Inference-to-training compute ratio. As models deploy at scale, the ratio shifts further toward inference. The slope of that shift is a leading indicator of operational energy growth.
Cost-per-token trajectory on fixed-capability benchmarks. This is the cleanest measurable proxy for whether efficiency gains are continuing at the recent rate or beginning to plateau.
Geographic concentration of new builds. Permits and substation upgrade announcements in emerging hubs reveal where the next inflection in regional demand will land.
Specialist vs. general-purpose model deployment. API revenue breakdowns and enterprise inference contract terms reveal whether the industry is consolidating on a few frontier models or fragmenting across specialised smaller ones. The latter outcome reduces aggregate compute demand meaningfully.
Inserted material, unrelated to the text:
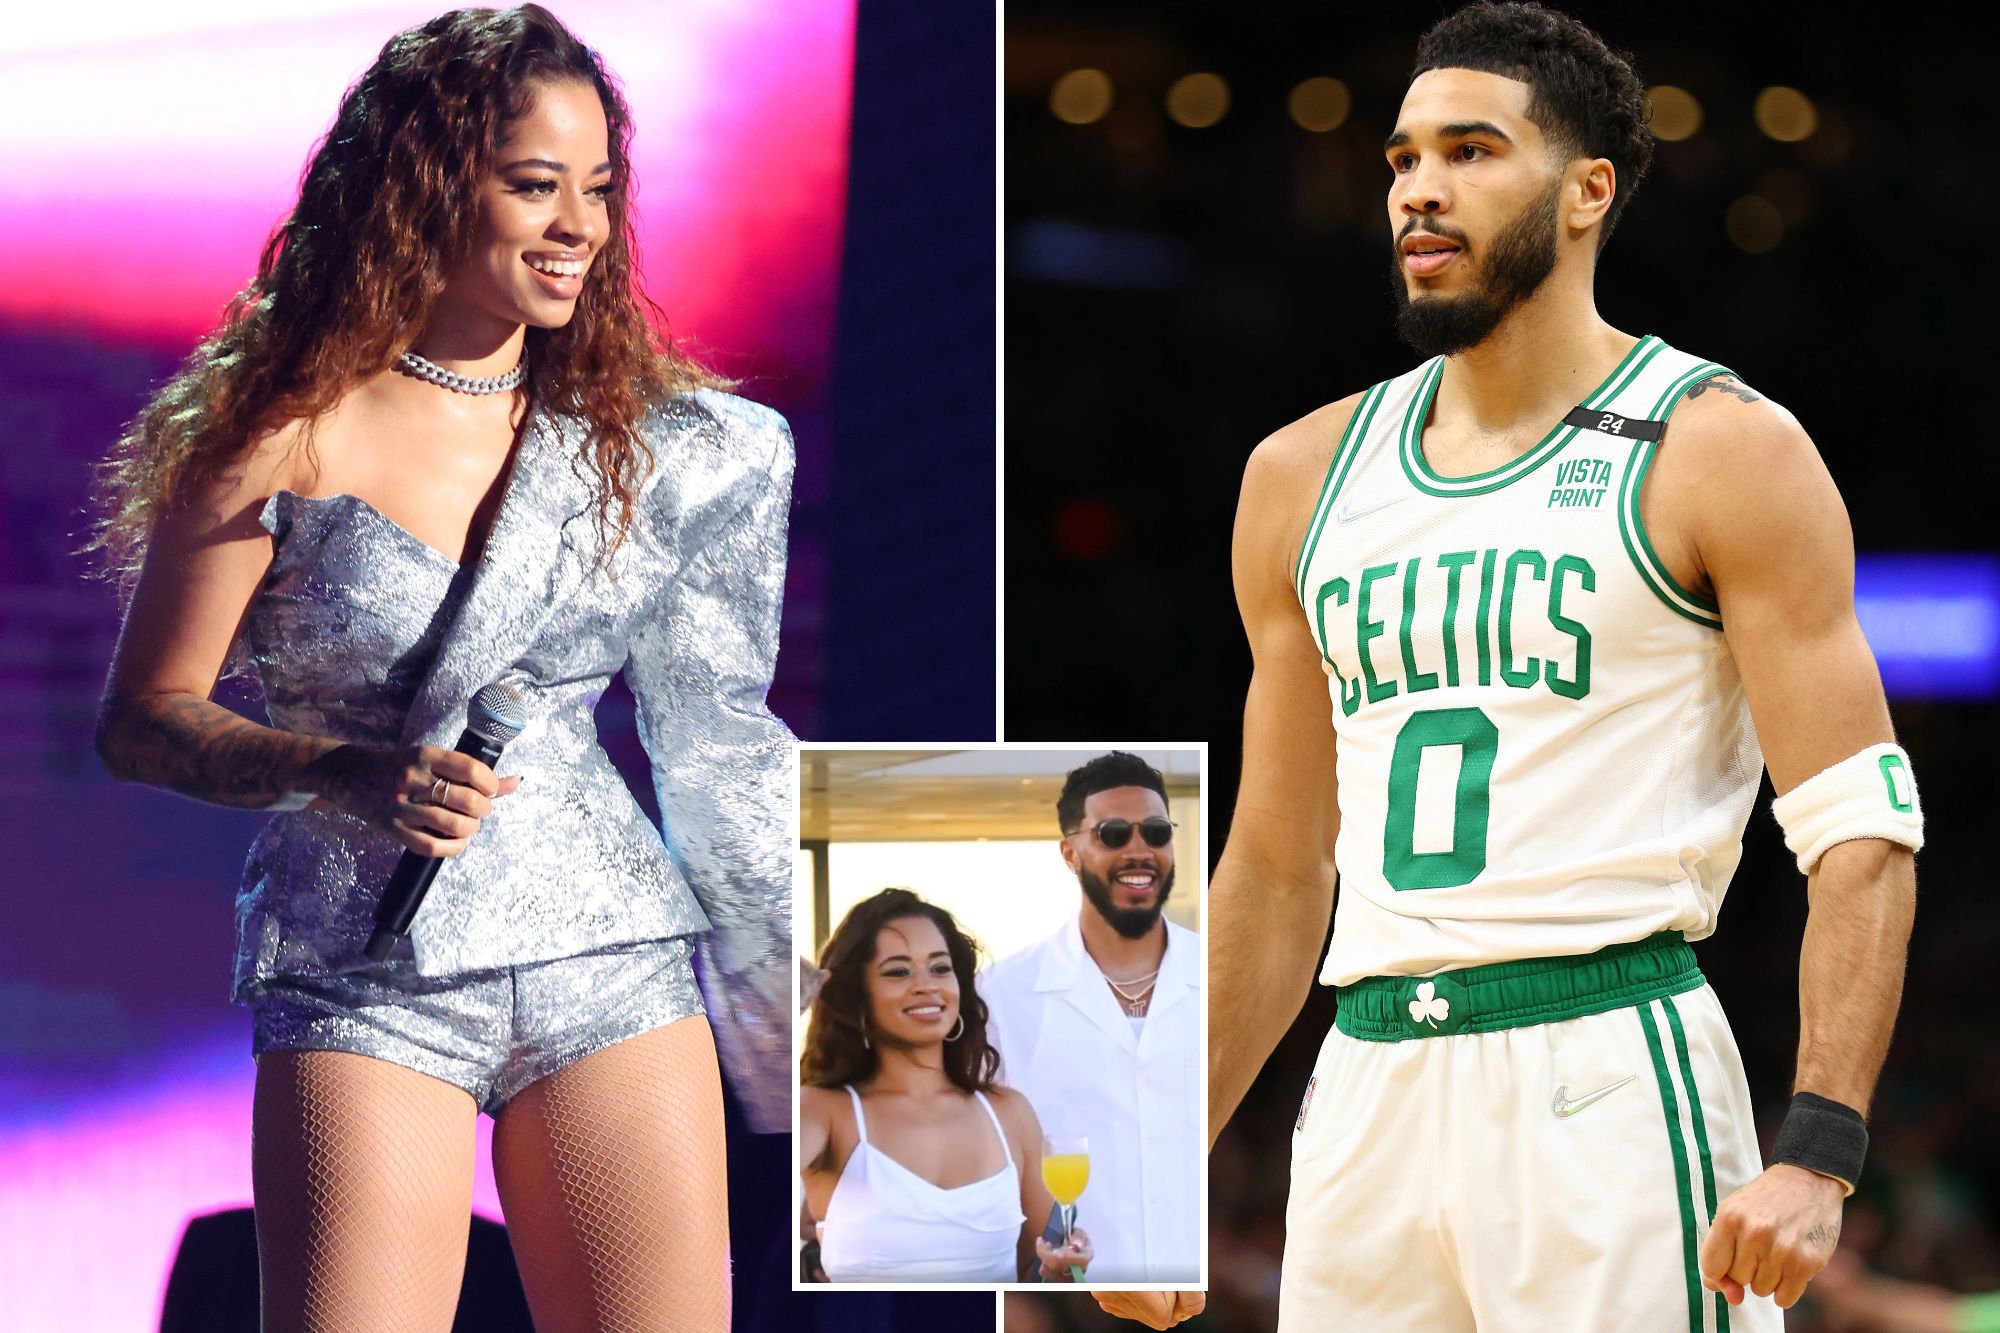 Who is Jayson Tatum’s Wife? Has Jayson Tatum Been Married Before? The

The framing that survives scrutiny

Both narratives currently in circulation are individually true and jointly misleading. AI energy demand is real, large, and growing. AI efficiency is improving at rates that are themselves historically unusual. The net effect — and therefore the right basis for capacity planning, grid investment, and disclosure scrutiny — sits in the interaction between the two, not in either one taken alone.

For now, the demand side is winning. That position is not stable. Anyone forecasting 2030 outcomes who hasn't worked through the efficiency side at comparable depth is presenting half the picture as the whole.